Supplied material START
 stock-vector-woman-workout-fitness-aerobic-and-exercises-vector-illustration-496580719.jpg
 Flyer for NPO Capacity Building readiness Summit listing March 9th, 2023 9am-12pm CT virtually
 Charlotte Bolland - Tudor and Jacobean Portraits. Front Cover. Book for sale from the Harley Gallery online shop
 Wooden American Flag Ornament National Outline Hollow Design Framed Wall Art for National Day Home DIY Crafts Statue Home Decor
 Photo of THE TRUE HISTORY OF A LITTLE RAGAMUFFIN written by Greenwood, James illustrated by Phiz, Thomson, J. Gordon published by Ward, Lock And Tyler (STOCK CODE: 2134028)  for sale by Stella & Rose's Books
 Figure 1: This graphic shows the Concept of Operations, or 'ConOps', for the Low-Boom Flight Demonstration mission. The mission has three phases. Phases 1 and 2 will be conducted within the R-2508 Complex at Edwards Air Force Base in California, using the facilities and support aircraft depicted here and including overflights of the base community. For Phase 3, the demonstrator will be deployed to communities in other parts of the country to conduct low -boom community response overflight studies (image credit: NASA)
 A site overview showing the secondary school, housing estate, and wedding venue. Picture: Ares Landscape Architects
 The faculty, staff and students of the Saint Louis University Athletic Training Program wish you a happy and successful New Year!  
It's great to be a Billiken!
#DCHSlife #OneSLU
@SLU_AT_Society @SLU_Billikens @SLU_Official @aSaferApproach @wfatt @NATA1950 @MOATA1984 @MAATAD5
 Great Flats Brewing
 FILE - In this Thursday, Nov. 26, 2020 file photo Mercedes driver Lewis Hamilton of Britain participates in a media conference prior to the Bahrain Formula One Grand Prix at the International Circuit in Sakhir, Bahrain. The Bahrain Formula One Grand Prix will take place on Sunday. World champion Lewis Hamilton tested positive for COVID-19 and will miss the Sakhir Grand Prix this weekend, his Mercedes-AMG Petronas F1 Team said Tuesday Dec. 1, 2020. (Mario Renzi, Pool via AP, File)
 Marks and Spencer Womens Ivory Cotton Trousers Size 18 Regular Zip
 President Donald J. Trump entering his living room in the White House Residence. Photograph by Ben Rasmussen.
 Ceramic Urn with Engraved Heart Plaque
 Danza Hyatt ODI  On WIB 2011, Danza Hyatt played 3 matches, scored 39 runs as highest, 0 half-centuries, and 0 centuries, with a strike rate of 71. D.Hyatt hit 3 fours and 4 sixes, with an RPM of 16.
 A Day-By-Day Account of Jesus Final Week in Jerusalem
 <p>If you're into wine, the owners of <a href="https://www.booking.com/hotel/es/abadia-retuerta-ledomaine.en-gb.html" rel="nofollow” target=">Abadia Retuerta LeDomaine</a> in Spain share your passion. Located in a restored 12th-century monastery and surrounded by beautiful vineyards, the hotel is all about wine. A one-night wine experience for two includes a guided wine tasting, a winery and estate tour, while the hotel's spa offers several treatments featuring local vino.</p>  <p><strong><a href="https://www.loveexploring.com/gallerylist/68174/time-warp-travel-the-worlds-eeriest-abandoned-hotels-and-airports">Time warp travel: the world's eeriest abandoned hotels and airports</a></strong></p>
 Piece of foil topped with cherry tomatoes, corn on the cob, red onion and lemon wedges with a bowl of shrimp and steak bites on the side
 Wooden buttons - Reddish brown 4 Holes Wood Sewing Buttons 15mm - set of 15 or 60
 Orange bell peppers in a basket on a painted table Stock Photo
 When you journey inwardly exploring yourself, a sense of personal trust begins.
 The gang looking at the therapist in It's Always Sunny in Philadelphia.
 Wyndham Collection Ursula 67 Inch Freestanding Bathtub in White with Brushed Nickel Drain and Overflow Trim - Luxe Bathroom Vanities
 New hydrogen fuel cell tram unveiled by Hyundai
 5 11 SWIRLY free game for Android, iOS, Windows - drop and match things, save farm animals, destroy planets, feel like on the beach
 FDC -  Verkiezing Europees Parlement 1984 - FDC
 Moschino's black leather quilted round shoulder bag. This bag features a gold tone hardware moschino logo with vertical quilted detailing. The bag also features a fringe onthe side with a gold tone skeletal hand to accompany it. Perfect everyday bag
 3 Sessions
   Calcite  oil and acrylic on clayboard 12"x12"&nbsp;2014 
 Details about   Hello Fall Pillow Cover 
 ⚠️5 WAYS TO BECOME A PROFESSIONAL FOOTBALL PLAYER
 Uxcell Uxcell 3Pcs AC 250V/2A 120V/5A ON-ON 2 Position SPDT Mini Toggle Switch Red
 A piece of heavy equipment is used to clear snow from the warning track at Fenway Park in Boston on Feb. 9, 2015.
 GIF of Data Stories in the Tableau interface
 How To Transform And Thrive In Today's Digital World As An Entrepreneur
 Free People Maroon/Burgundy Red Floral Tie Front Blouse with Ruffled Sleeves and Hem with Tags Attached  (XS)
Supplied material END
Please give back only the lines between the first line of the entries and the line with "Figure 1: This", both ends included, word for word.

 stock-vector-woman-workout-fitness-aerobic-and-exercises-vector-illustration-496580719.jpg
 Flyer for NPO Capacity Building readiness Summit listing March 9th, 2023 9am-12pm CT virtually
 Charlotte Bolland - Tudor and Jacobean Portraits. Front Cover. Book for sale from the Harley Gallery online shop
 Wooden American Flag Ornament National Outline Hollow Design Framed Wall Art for National Day Home DIY Crafts Statue Home Decor
 Photo of THE TRUE HISTORY OF A LITTLE RAGAMUFFIN written by Greenwood, James illustrated by Phiz, Thomson, J. Gordon published by Ward, Lock And Tyler (STOCK CODE: 2134028)  for sale by Stella & Rose's Books
 Figure 1: This graphic shows the Concept of Operations, or 'ConOps', for the Low-Boom Flight Demonstration mission. The mission has three phases. Phases 1 and 2 will be conducted within the R-2508 Complex at Edwards Air Force Base in California, using the facilities and support aircraft depicted here and including overflights of the base community. For Phase 3, the demonstrator will be deployed to communities in other parts of the country to conduct low -boom community response overflight studies (image credit: NASA)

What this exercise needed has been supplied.